The European Central Bank decreases interest rates within the eurozone.
In light of decreasing inflation, the European Central Bank (ECB) has opted to decrease its interest rates again. Building upon its policy reversal in June, the ECB has now made its first move: the interest rate at which banks can momentarily store excess funds with the ECB, known as the key deposit rate, has been decreased from 3.75 to 3.5 percent.
Due to this step, the DAX has shown a rise of 1.2 percent, reaching 18,550 points. The euro's value sits at $1.1020, slightly higher than previously, while the ten-year German bund yield rests at 2.110 percent.
Michael Heise, the chief economist for HQ Trust, voiced his opinion, stating, "Given the current circumstances, today's rate reduction is justified. Another cut by the end of the year seems likely. However, the future interest rate development in 2025 won't match the expectations of the markets as of now."
Jörg Asmussen, the CEO of the German Insurance Association, added his perspective. He valued the ECB's decision to continue with rate reductions, which fell in line with the present data, as well as sending a comforting message to the markets. "Nonetheless, the ECB ought to proceed with caution," Asmussen advised. He noted that while there are still high inflation rates within the services sector, this could lead to persistent inflation in the future. Meanwhile, it is essential for the ECB to recognize the appropriate time for further rate adjustments to ensure it does not miss its opportunity. In Asmussen's opinion, the ECB executed this balance exceptionally well through its 25 basis point reduction.

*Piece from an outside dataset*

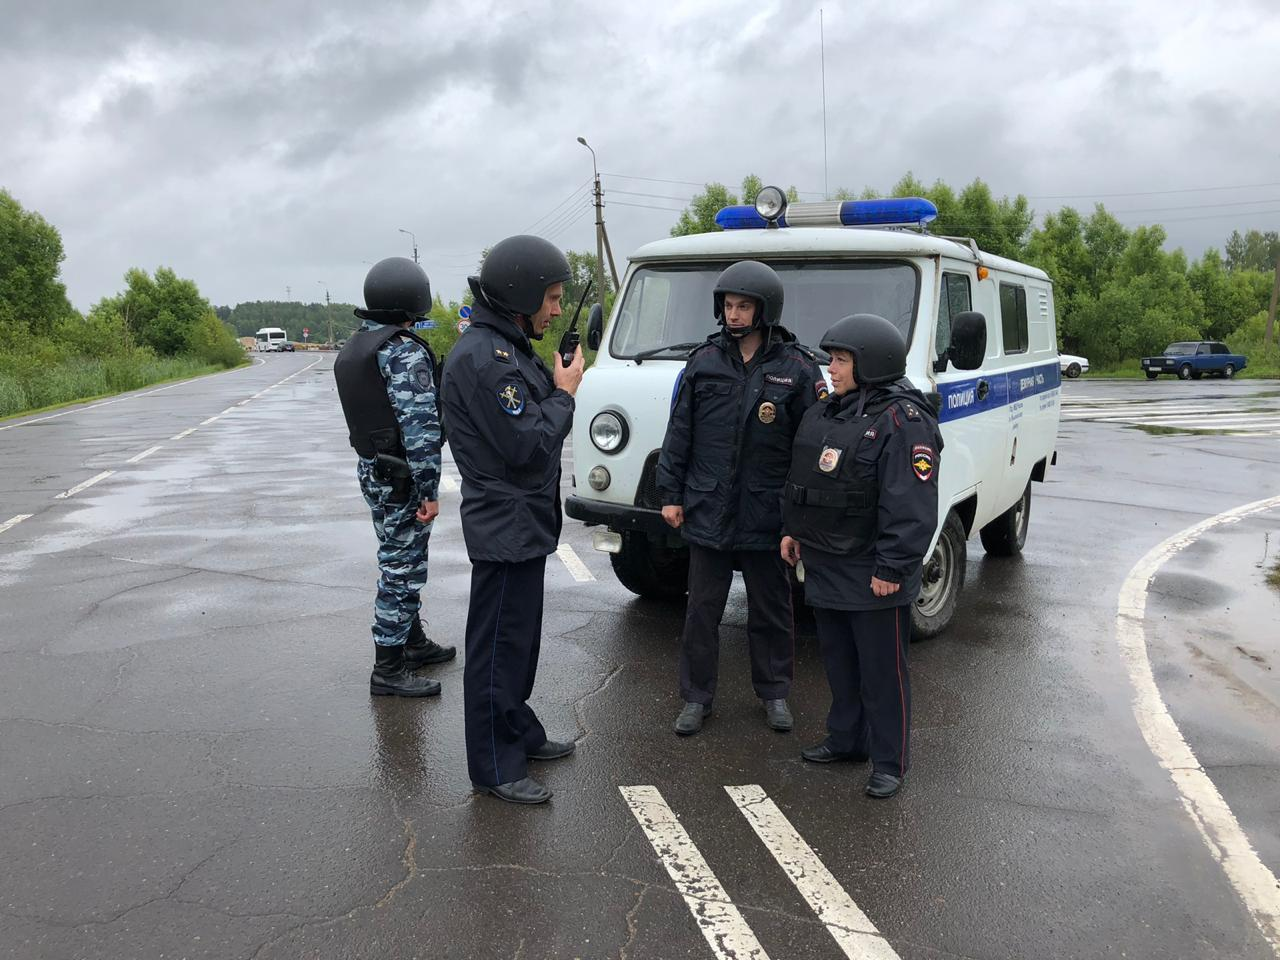 На переправе в Ярославской области захватили автобус с туристами: в регионе прошли учения
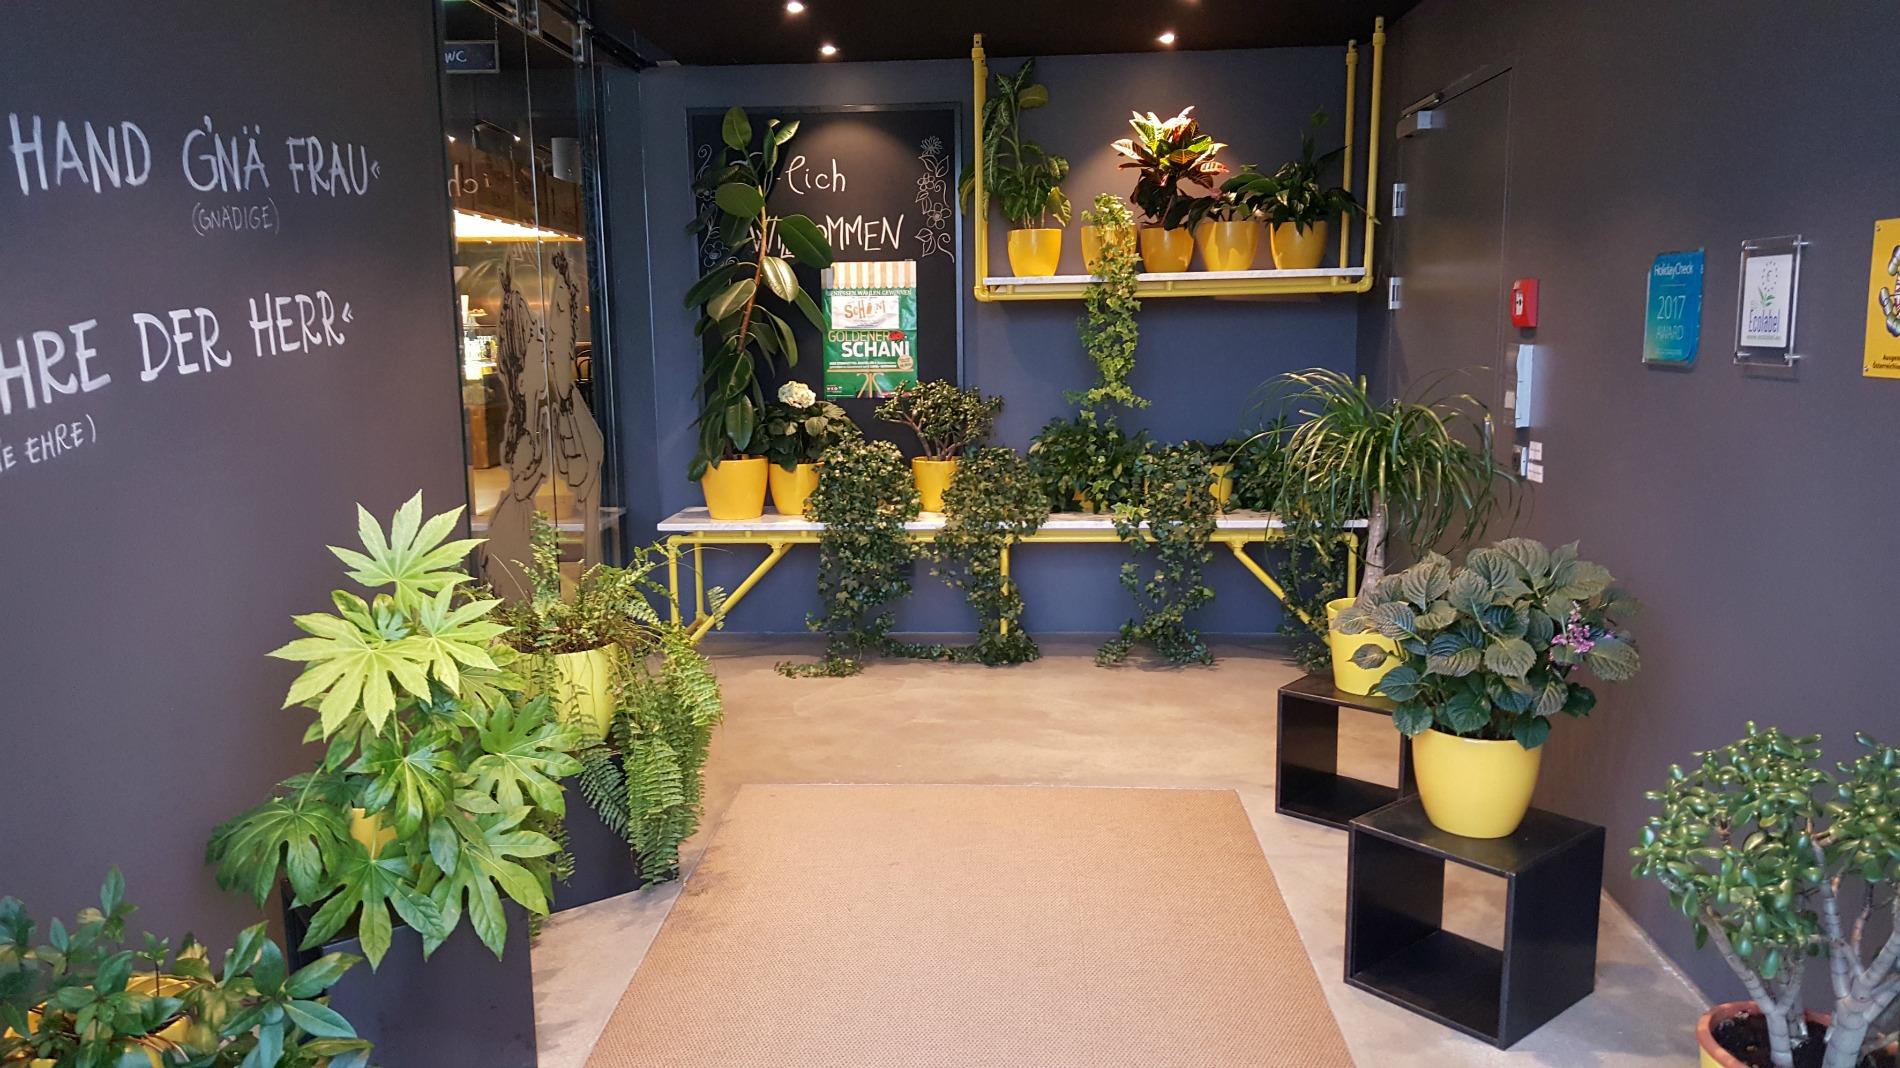 hotel-schani-wien-entrance-plants

The decision by the ECB to decrease interest rates has been widely supported, with Michael Heise, the chief economist for HQ Trust, predicting another interest rate cut by the end of the year. The European Central Bank (ECB) will need to tread carefully, according to Jörg Asmussen, the CEO of the German Insurance Association, as high inflation rates within the services sector could lead to persistent inflation in the future.